The Connecticut Department of Energy and Environmental Protection and Middlesex Community College have recently completed a new training video designed to assist local fire departments when training their personnel in the construction of handline, or fireline. The 10-minute video is titled “Handline Construction for Forest Fire Control”.
It is geared toward fireline construction in eastern vegetation, but the principles apply in other areas as well. It was funded by the U.S. Forest Service with the understanding that it could be used in other states.
The film is skillfully written and produced and should be helpful when training new firefighters.
In one section the narrator mentions that when initial attacking a fire you should walk around it to size it up, but wisely adds, “If the fire is rapidly moving, don’t go around the head.”
The video is unique in that it shows firefighters working adjacent to an actual fire, which may be a prescribed fire, but it has flames, nonetheless.

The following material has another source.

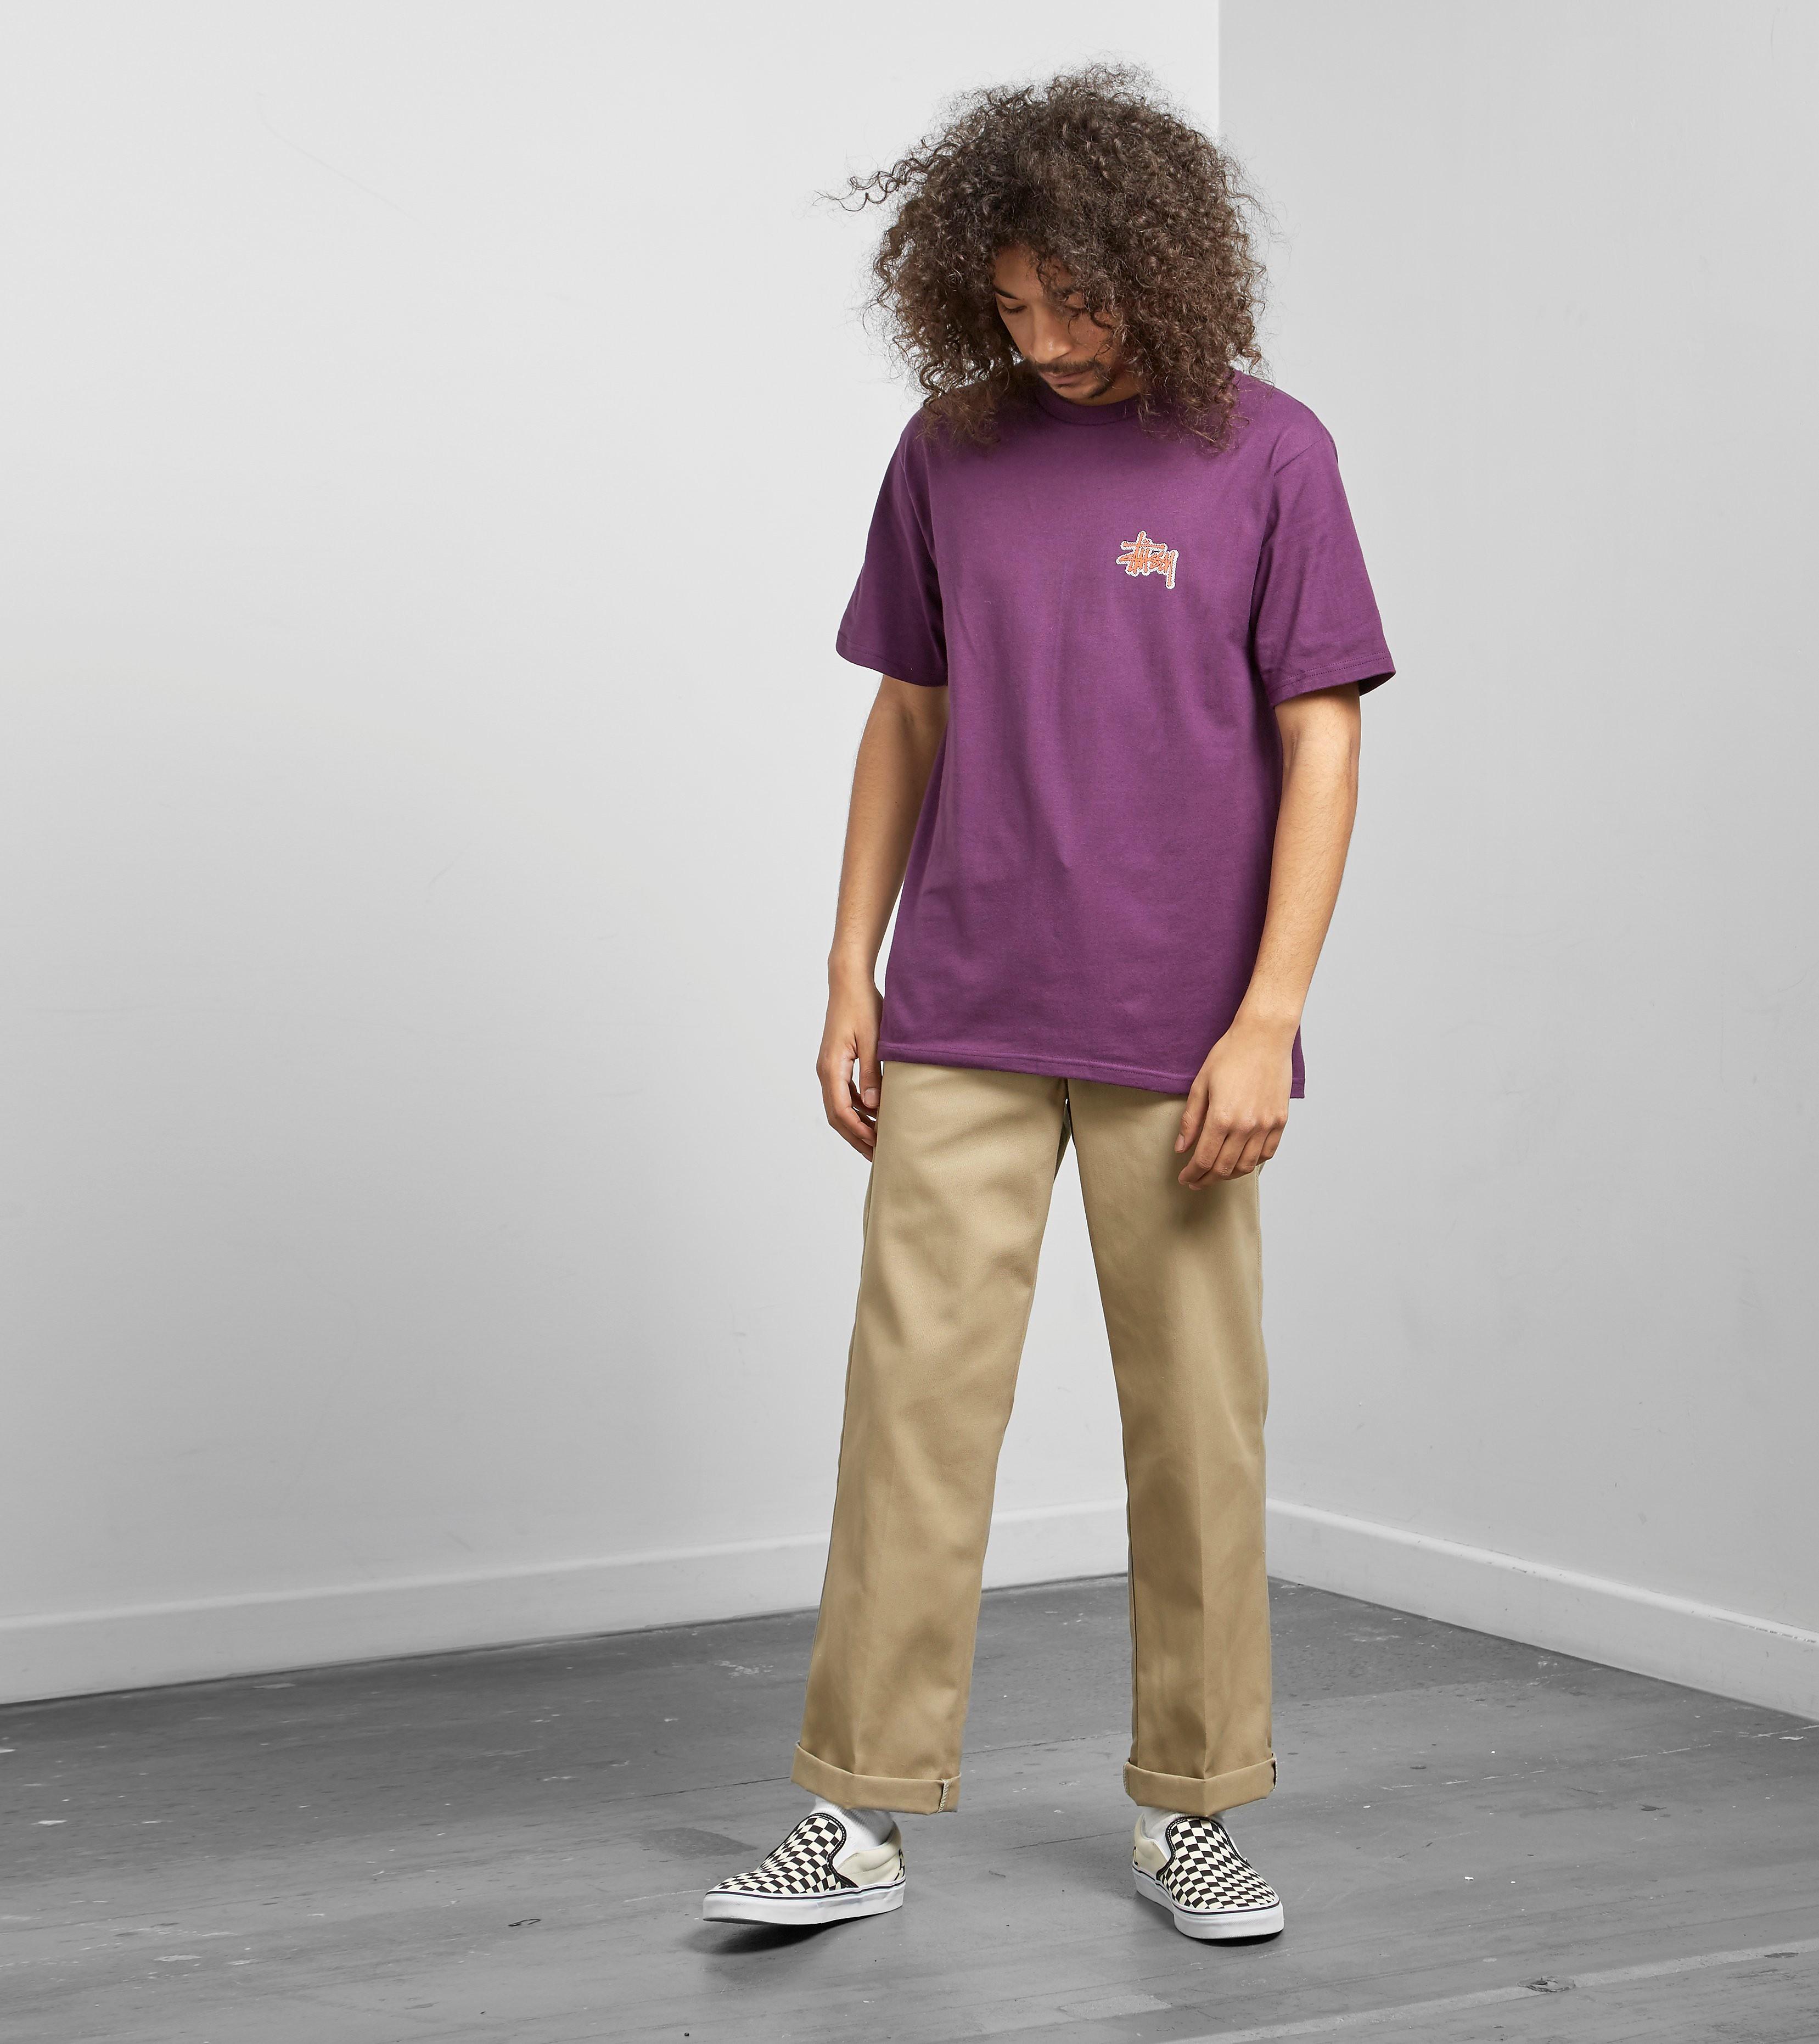 Stussy Checkers T-Shirt

A very long time ago I and several other firefighters on the Cleveland National Forest demonstrated in a training film the use of hand tools to construct fireline in southern California brush. It was titled “Hand Tools for Wildfire” and has no doubt disappeared from shelves in training rooms, thankfully. My role in the film was to demonstrate a “golf swing” while using a brush hook, a technique in which you swing the hook like golf club and impact the target on the way up, after you would have hit the golf ball…if you were using a brush hook to play golf. Most firefighters today probably don’t know what a brush hook is. Even back then hooks were being replaced by chain saws. When I ran a saw on the El Cariso Hothshots, it was a Homelite Super XL.